Nothing below is to be printed except the lines between the line holding "Na zdjęciu mapa" and the line holding "深圳市奥松自动化设备有限公司", inclusive, each exactly as it appears.

● **Task material**:
* * * *

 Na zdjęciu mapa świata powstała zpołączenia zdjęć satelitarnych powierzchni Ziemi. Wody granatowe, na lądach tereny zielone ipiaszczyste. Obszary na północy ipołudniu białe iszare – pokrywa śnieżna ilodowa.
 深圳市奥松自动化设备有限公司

* * * *

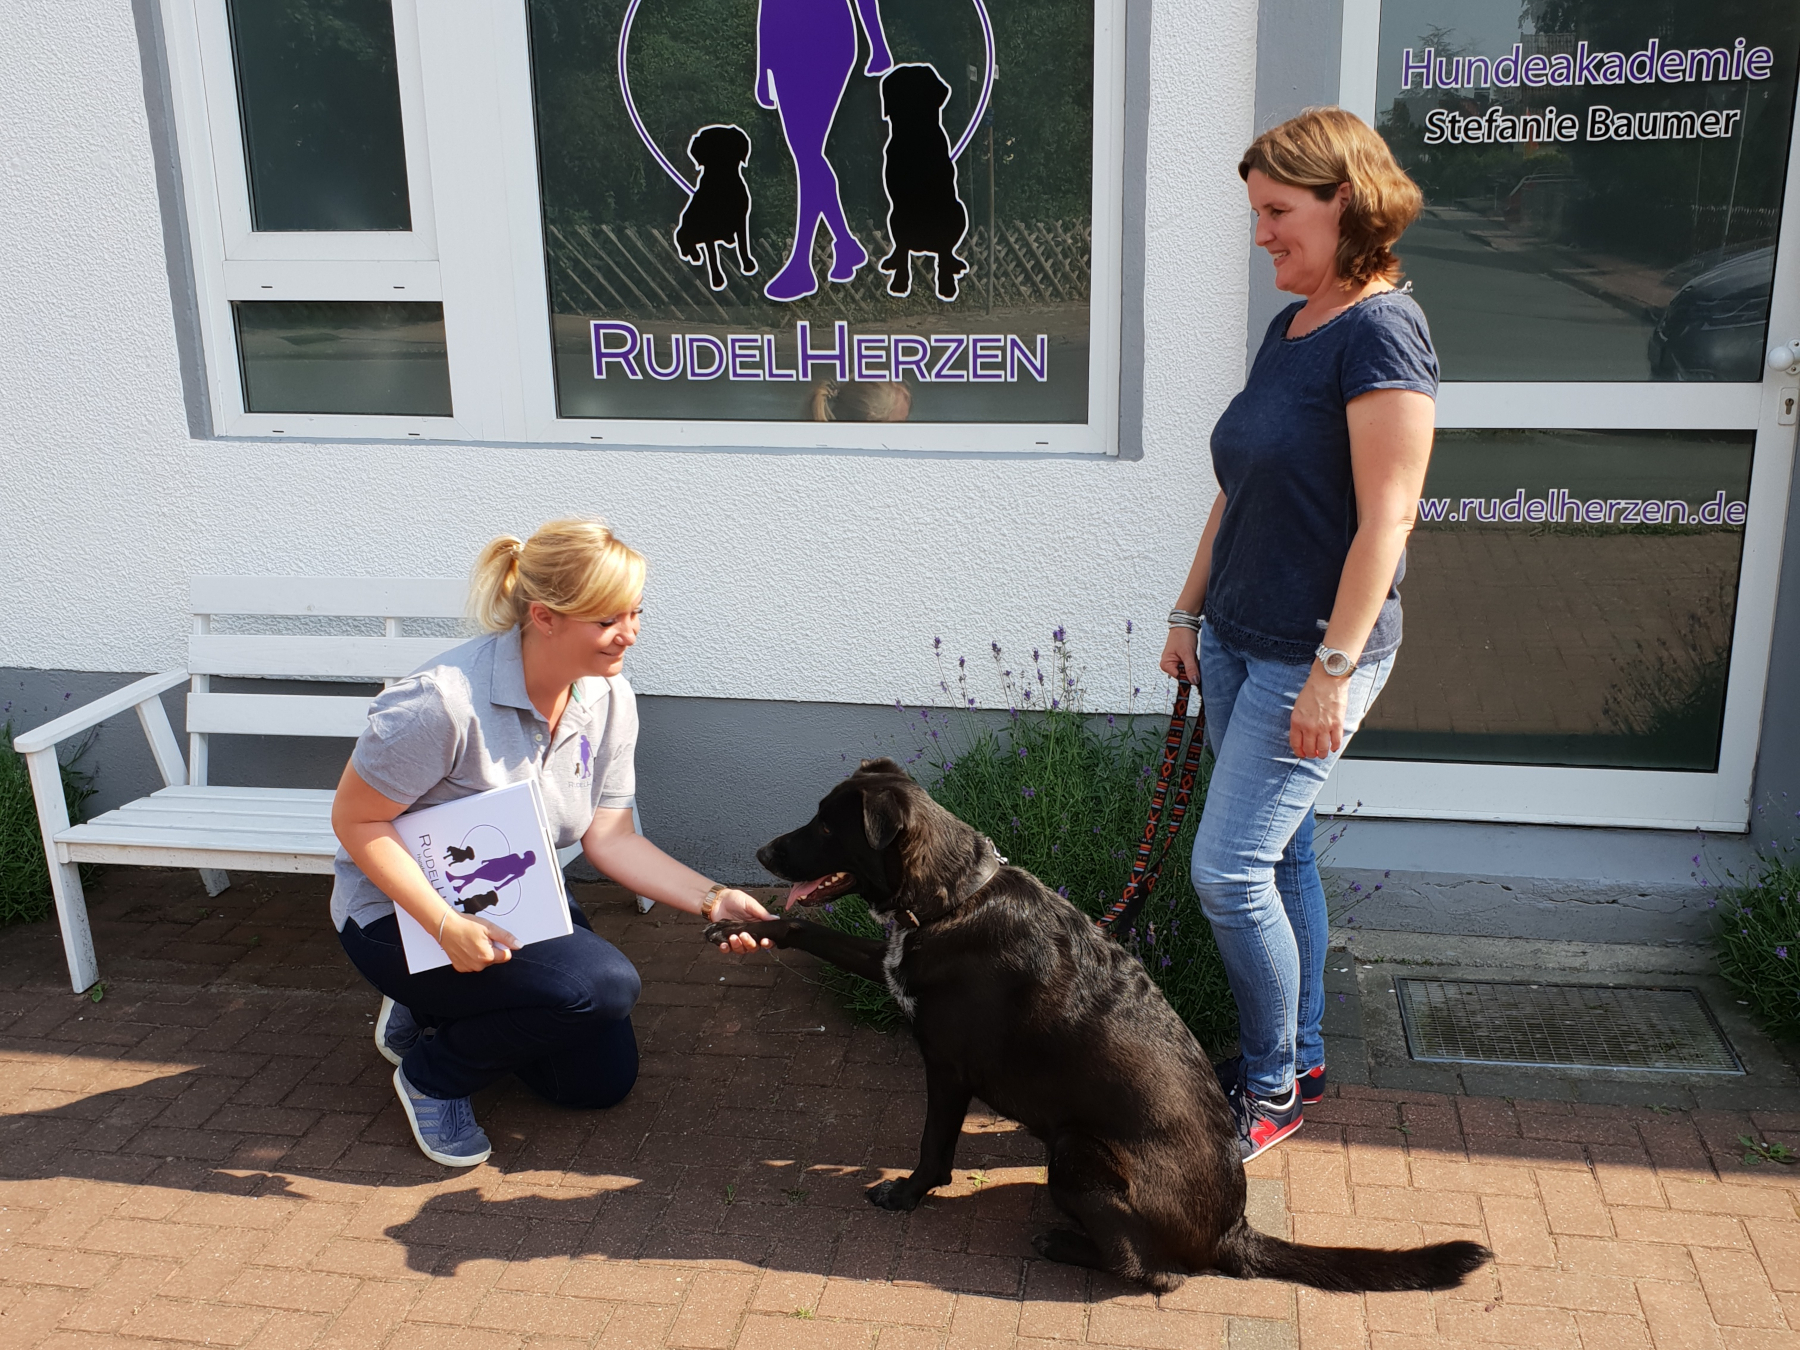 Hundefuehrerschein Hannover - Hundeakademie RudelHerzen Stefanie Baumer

* * * *

● **Reply**:
 Na zdjęciu mapa świata powstała zpołączenia zdjęć satelitarnych powierzchni Ziemi. Wody granatowe, na lądach tereny zielone ipiaszczyste. Obszary na północy ipołudniu białe iszare – pokrywa śnieżna ilodowa.
 深圳市奥松自动化设备有限公司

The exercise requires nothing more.